- TASK MATERIAL
· · · · ·
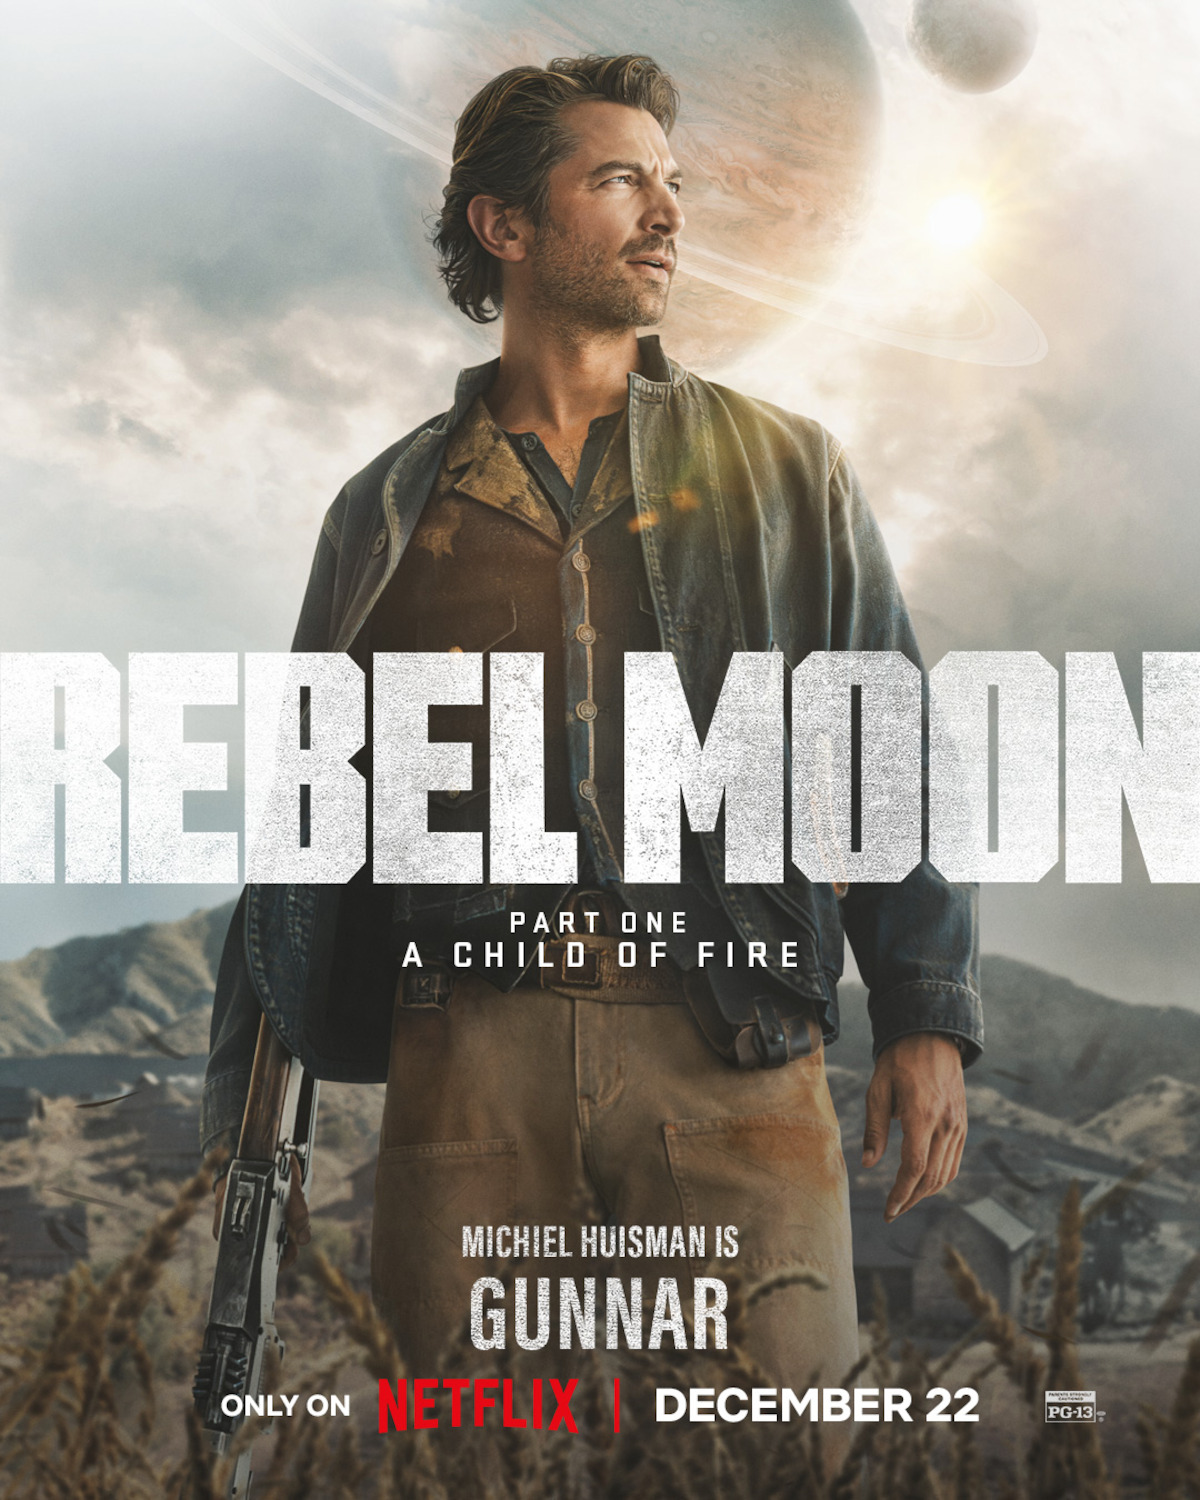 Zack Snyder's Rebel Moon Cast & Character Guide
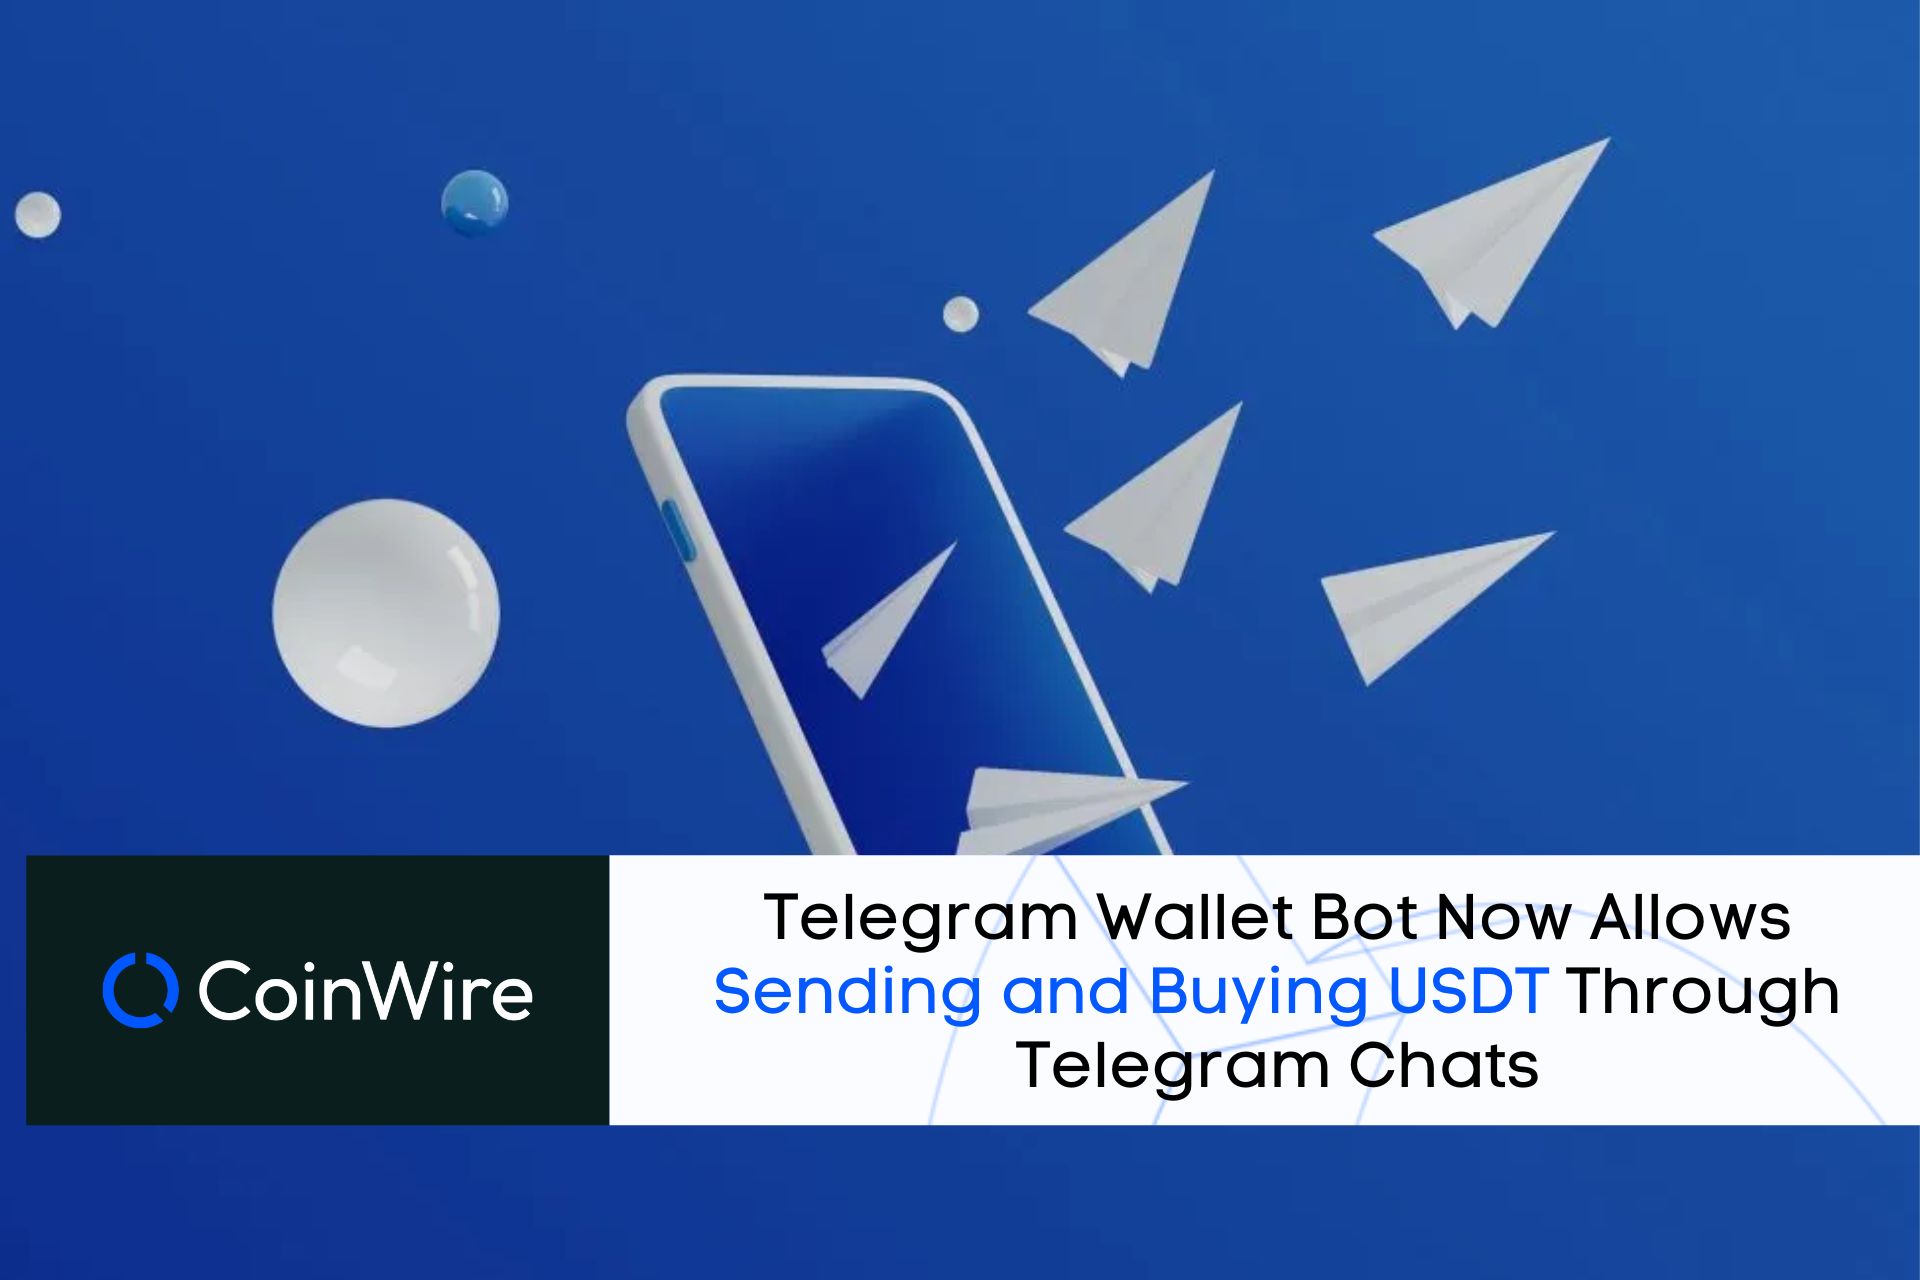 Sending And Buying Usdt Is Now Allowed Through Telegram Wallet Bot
· · · · ·
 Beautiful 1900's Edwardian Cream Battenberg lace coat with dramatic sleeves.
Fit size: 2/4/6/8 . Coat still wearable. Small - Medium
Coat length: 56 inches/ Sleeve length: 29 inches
· · · · ·
- EXERCISE DESCRIPTION
Write out word for word the lines of the listing above from the line with "Zack Snyder's Rebel" to the line with "Sending And Buying", taking in both of those lines but no pictures.

- EXERCISE OUTPUT
 Zack Snyder's Rebel Moon Cast & Character Guide
 Sending And Buying Usdt Is Now Allowed Through Telegram Wallet Bot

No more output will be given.